Conservative Republican Steve Lonegan said Monday the government shutdown crushed his chance of winning New Jersey’s Senate seat — and made him the "biggest casualty" of a GOP shutdown strategy of "no message and no game plan."
"There is no doubt in my mind or in the minds of any of my campaign staff that the shutdown cost me the election," Lonegan told
nj.com. "If I had known it was going to happen and that it was going to be handled so badly in Washington, I wouldn't have run for Senate."
The writing was on the wall by the fifth day of the 16-day shutdown, he said.
"It became palpable that the shutdown was going to kill us," he said — adding, however, that he supported the shutdown and the faction of the party that pushed for it.
"I had no choice," he said. "You either have to attack your party or be a team player. I was a team player."
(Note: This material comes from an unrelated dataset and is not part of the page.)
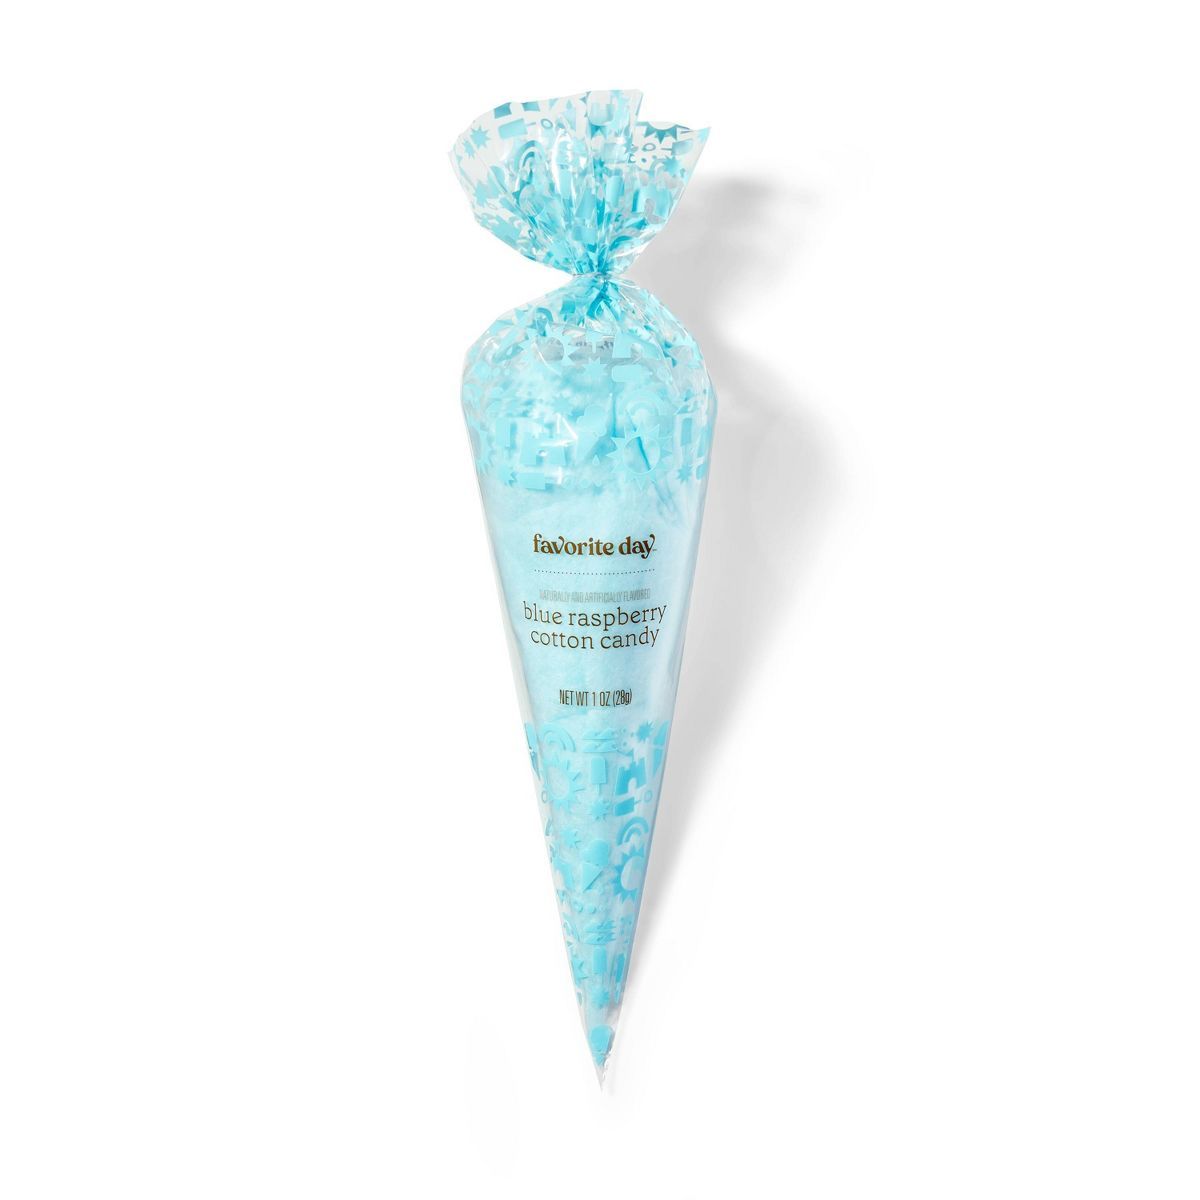 Blue Raspberry Cotton Candy Cone - 1oz - Favorite Day™ | Target

"Republicans had a chance to win a U.S. Senate seat and in the process, send a powerful message to Obama, and instead, they shut down government with no message and no game plan," he said.
"I was probably the single biggest casualty of their mistake."
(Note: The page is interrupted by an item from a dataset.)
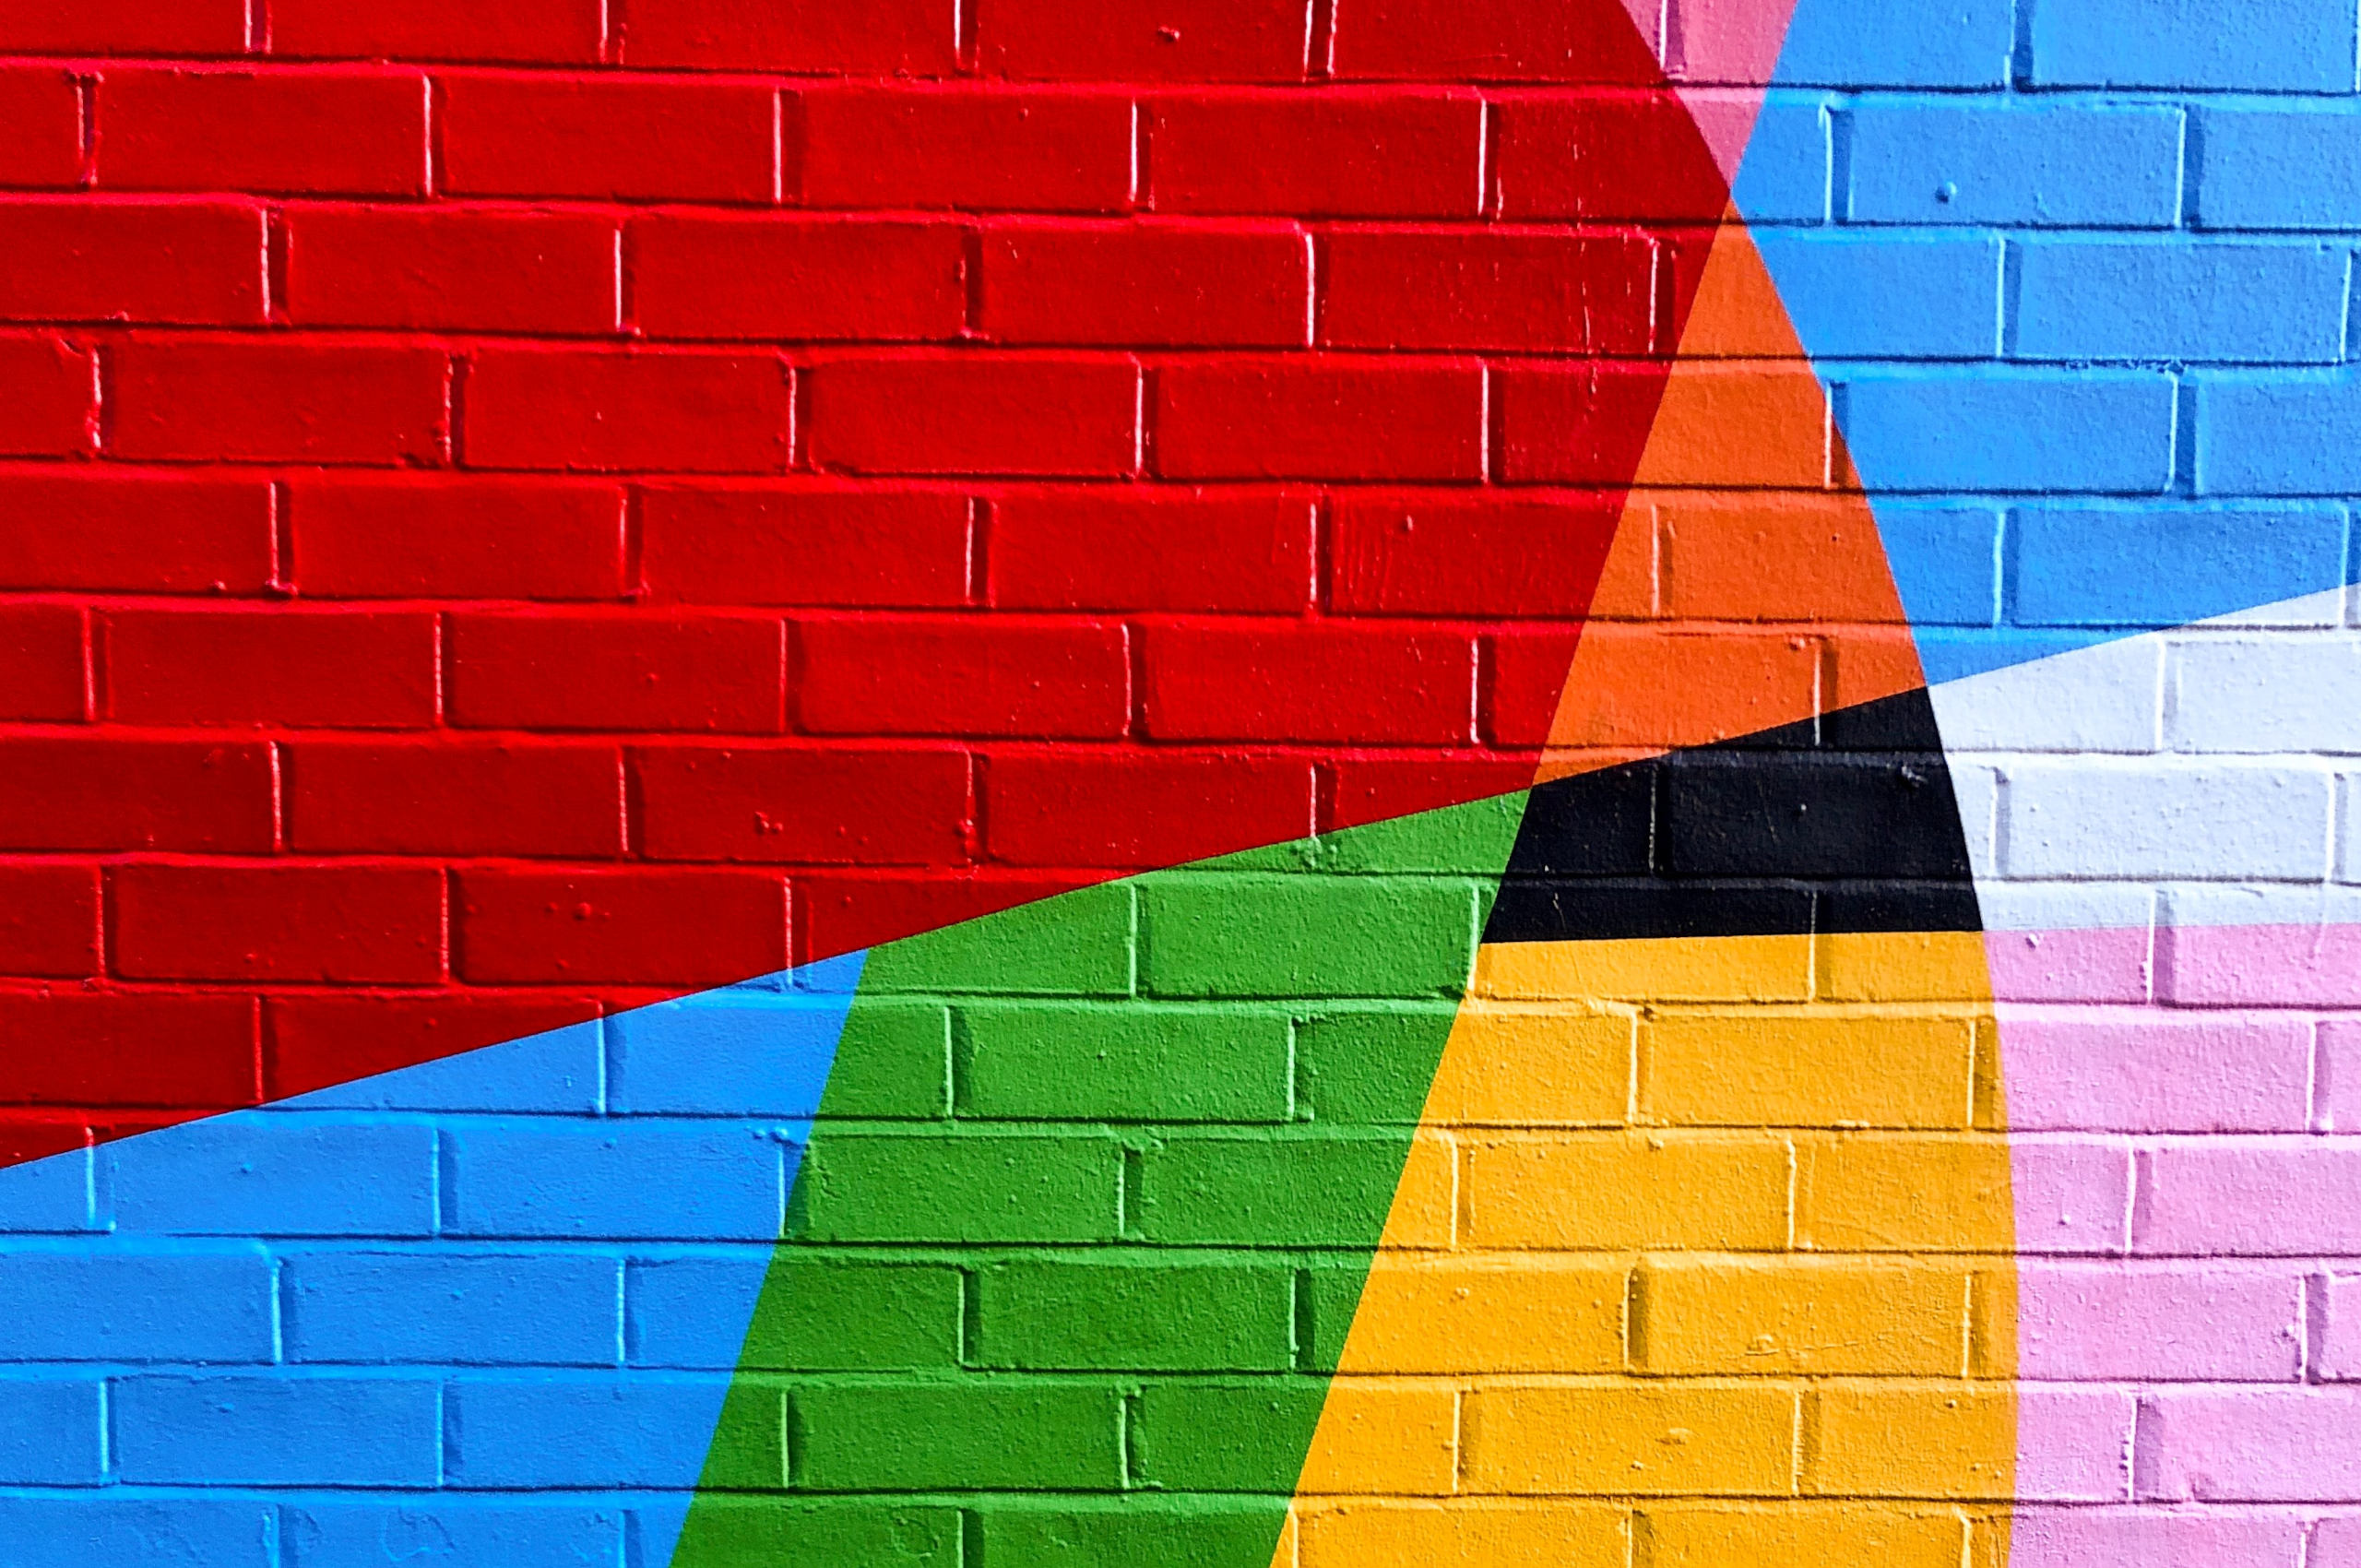 Brick wall painted with a colourful mural of bright geometric shapes

Lonegan said he thought he was gaining momentum in his uphill battle against Democrat Cory Booker, who won the special election last Wednesday to fill the Senate seat of the late Democrat Frank Lautenberg.
Before Oct. 1 — the first day of the shutdown — polls showed him making up ground on what was thought to be Booker's insurmountable 35-point lead.
A Sept. 24 Quinnipiac poll put Lonegan 12 points behind, and a Sept. 30
Monmouth University poll showed him down by 13.
"Our polls showed us gaining fast," he said. "We'd see one that had us two or three down one night or one that had us up. By Oct. 1, when [Texas Gov.] Rick Perry came to town, our momentum was enormous."
He said his strategy was straightforward: gain national attention, close within 10 points in polling, and then spend the final two weeks of the race pounding away on Obamacare.
But the shutdown changed that, making the debate about the shutdown rather than the Affordable Care Act.
"The Republicans in Washington fumbled it terribly, and it became all about the shutdown and the debacle of Obamacare's launch was lost," he said.
Lonegan said Sens. John McCain and Lindsey Graham's attack on the tea party "drove a stake into our heart."
"That's the first time we started to see the momentum move against us," he said. "They both should be primaried for what they did."